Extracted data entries
────────────────
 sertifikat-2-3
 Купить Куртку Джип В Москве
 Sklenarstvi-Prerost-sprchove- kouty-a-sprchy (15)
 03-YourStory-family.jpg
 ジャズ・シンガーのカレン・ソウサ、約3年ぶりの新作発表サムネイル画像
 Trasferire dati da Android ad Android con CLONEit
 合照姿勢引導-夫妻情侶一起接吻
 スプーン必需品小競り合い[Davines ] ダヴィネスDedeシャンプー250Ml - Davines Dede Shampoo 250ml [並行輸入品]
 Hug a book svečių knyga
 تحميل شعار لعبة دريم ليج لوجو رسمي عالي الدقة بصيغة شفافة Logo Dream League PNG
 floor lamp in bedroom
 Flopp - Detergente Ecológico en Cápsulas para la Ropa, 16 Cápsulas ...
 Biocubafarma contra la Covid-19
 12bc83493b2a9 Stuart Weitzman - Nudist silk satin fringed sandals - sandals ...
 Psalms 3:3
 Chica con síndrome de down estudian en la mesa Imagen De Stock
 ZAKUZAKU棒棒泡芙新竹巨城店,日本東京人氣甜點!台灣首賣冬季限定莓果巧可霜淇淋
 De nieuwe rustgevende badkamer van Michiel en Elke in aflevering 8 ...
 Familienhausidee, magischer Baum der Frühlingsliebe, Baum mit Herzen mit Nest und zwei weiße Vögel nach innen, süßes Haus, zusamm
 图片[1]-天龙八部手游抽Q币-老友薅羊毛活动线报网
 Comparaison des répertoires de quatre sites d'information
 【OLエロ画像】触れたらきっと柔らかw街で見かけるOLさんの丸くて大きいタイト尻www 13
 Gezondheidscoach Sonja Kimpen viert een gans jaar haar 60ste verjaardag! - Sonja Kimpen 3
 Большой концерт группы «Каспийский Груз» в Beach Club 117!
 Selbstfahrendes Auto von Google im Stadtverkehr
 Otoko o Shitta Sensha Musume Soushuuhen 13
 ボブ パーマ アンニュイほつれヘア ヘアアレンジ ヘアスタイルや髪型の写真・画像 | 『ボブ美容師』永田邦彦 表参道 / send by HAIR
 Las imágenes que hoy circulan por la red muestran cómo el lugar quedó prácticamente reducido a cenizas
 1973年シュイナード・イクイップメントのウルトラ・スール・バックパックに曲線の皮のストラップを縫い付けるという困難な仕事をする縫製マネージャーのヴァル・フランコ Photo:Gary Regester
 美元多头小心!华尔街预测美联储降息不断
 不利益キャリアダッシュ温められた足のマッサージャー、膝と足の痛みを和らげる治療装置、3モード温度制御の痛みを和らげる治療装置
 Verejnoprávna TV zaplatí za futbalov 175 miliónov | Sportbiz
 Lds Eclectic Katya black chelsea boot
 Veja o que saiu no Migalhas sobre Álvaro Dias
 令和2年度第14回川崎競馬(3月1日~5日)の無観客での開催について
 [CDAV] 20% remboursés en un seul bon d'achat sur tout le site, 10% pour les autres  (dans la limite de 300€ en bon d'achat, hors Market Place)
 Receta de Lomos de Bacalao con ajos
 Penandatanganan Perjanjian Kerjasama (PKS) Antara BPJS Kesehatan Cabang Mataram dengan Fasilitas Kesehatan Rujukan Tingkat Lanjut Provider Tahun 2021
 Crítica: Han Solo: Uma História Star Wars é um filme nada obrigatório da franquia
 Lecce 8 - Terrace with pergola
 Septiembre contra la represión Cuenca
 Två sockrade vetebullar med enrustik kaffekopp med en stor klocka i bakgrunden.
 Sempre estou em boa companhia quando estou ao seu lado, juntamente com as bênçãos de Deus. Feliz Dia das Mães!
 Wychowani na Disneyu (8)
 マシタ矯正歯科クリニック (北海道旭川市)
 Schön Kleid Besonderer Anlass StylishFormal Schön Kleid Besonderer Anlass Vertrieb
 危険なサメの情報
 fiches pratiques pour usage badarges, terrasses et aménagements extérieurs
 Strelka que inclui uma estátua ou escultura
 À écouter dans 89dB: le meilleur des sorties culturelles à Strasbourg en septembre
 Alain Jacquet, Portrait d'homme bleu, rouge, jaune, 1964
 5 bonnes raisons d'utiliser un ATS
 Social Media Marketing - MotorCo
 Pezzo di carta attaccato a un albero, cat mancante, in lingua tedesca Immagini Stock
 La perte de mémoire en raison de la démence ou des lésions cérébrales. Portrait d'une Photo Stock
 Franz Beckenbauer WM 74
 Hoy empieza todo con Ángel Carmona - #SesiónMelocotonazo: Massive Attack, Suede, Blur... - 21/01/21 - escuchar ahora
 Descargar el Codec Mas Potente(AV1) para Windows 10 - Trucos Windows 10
────────────────
What you are asked to do: Set down, unchanged, only those lines above that fall between the line with "[CDAV] 20% remboursés" and the line with "Två sockrade vetebullar", the two end lines included.

Solved problem:
 [CDAV] 20% remboursés en un seul bon d'achat sur tout le site, 10% pour les autres  (dans la limite de 300€ en bon d'achat, hors Market Place)
 Receta de Lomos de Bacalao con ajos
 Penandatanganan Perjanjian Kerjasama (PKS) Antara BPJS Kesehatan Cabang Mataram dengan Fasilitas Kesehatan Rujukan Tingkat Lanjut Provider Tahun 2021
 Crítica: Han Solo: Uma História Star Wars é um filme nada obrigatório da franquia
 Lecce 8 - Terrace with pergola
 Septiembre contra la represión Cuenca
 Två sockrade vetebullar med enrustik kaffekopp med en stor klocka i bakgrunden.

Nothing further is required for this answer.